A major Canadian canola exporter has had its registration to ship the oil to China revoked, apparently the latest flare-up in a diplomatic and trade dispute between the two countries.
A Chinese customs document dated March 1 says Winnipeg-based agricultural handler Richardson International has had its registration cancelled, Reuters reported Monday. That means the company is forbidden from exporting canola into the country.
Richardson didn’t reply to a request for comment from CBC News, but a spokesperson for the Canola Council of Canada said, “We look forward to the company involved resolving the current issue.”
Canada exported more than $5 billion worth of canola last year, and almost half of it was destined for the Chinese market, the group said.
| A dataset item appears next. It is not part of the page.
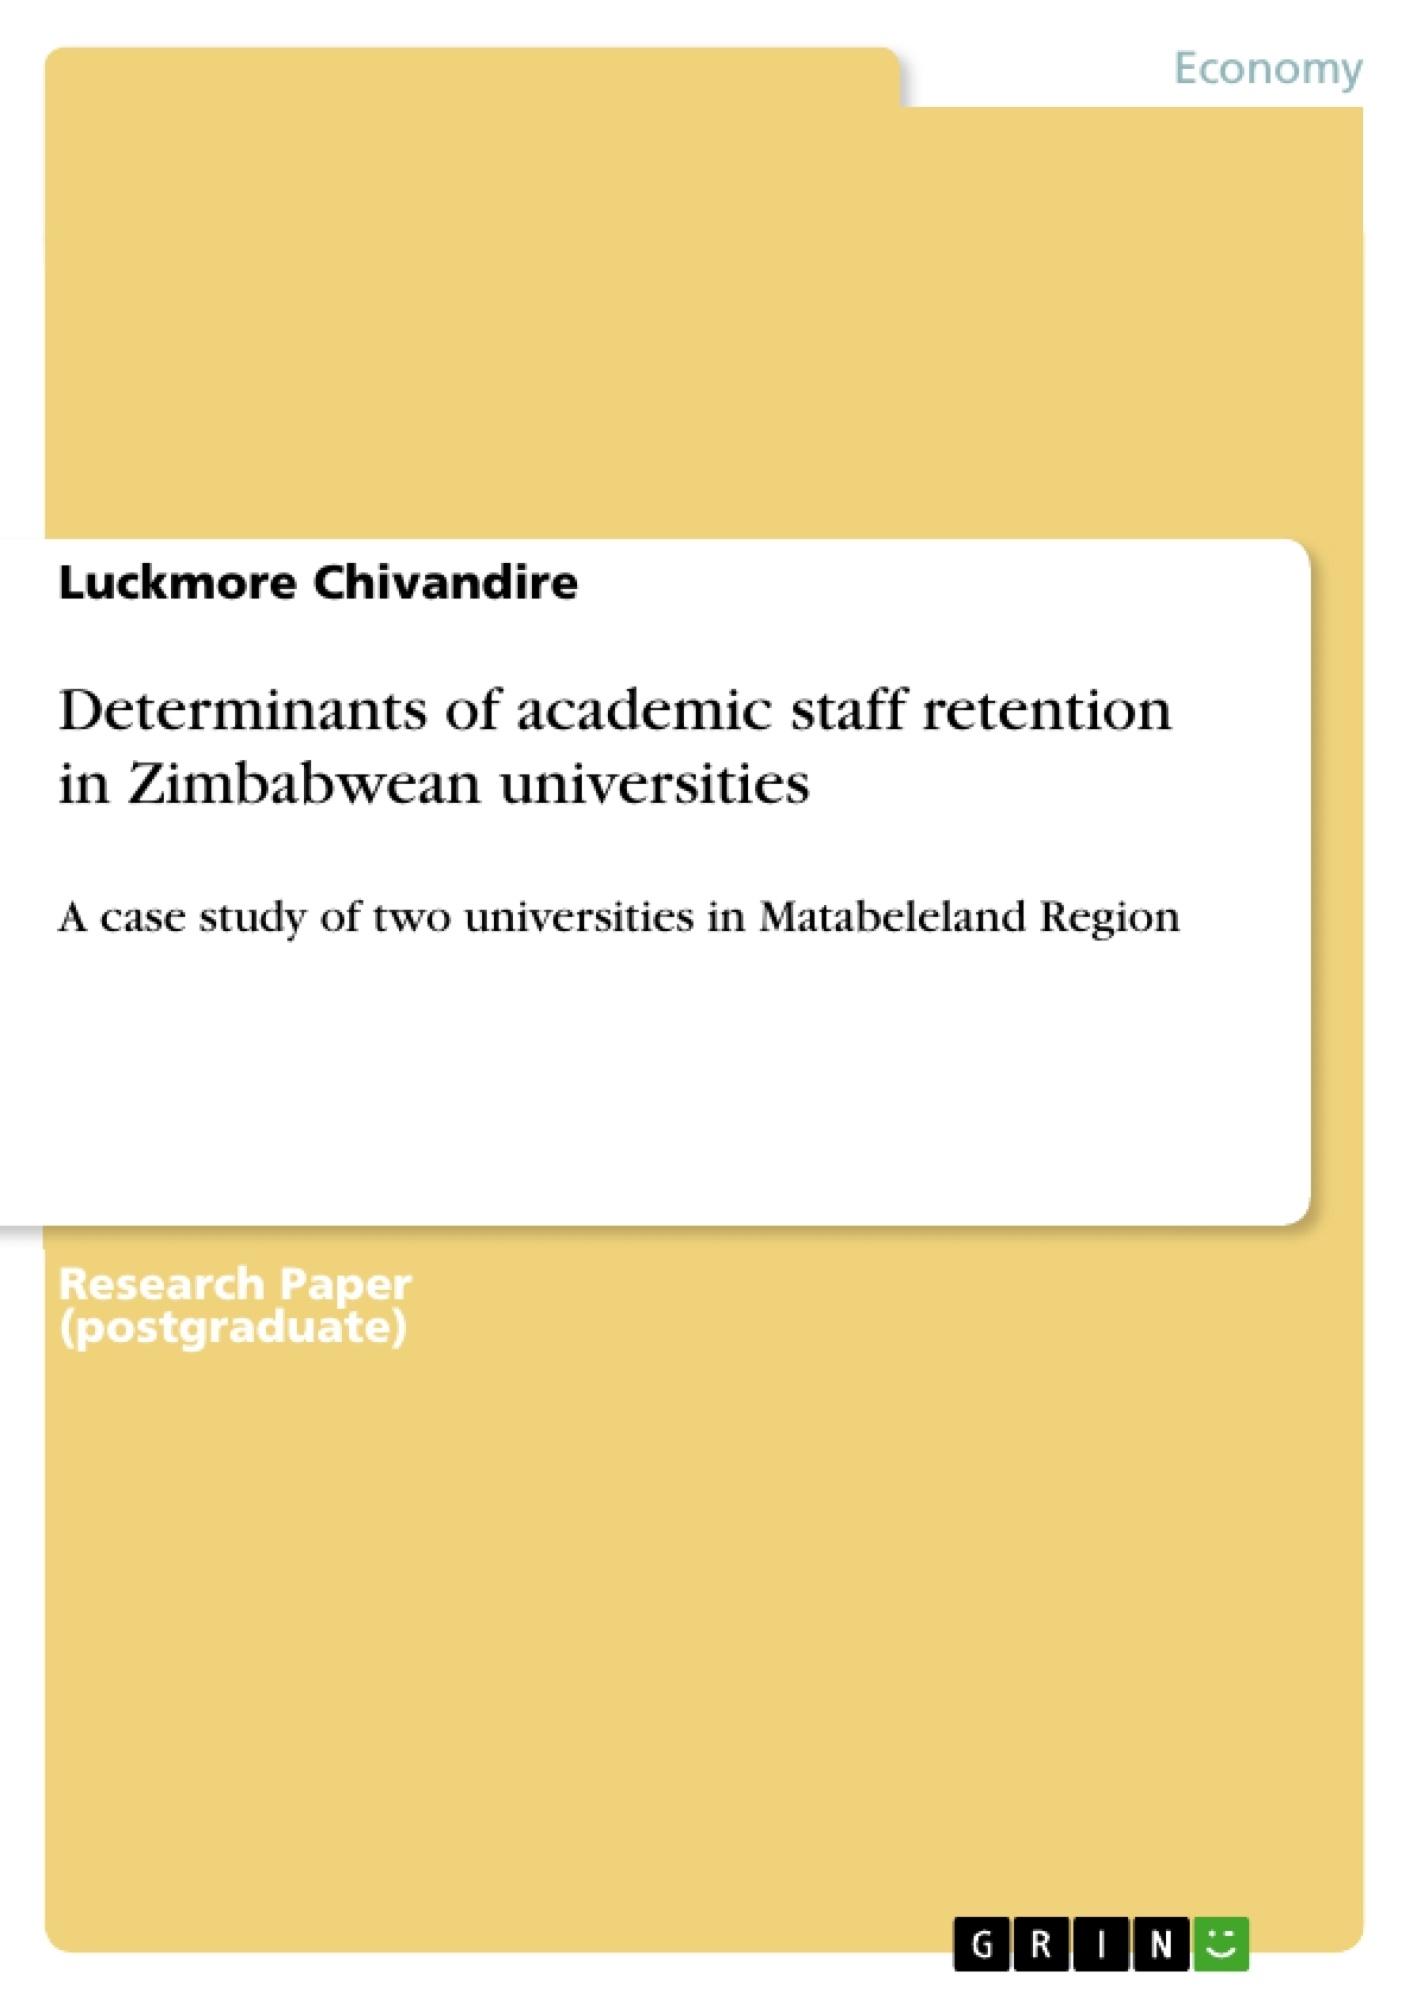 Title: Determinants of academic staff retention in Zimbabwean universities

Winnipeg-based Richardson International describes itself as “Canada’s largest agribusiness and … a worldwide handler and merchandiser of all major Canadian-grown grains and oilseeds.”
It s one of the largest single canola exporters in Canada, and “news about blocked exports hurts the whole value chain,” Canola Council communications director Heidi Dancho said.
The move appears to be the latest escalation in a dispute between Canada and China ignited last fall, when Canadian officials detained the vice-president of Chinese technology firm Huawei at the request of U.S. tax authorities as she was boarding a flight in Vancouver. She is now involved in an extradition case and personal litigation against Canadian border officials, the RCMP and the attorney general of Canada.
Two Canadians — Michael Kovrig and Michael Spavor — have since been detained in China, and on Monday the two men were accused of stealing state secrets from China.
Brock University professor Charles Burton, a former Canadian diplomat who served two postings in China, said Beijing was likely to retaliate further, and suggested in an interview with the CBC on Friday that a crackdown on Canadian canola would be one possible tactic it would employ.
“They’re not going to take this lying down,” he said, “one shudders to think what the consequences could be.”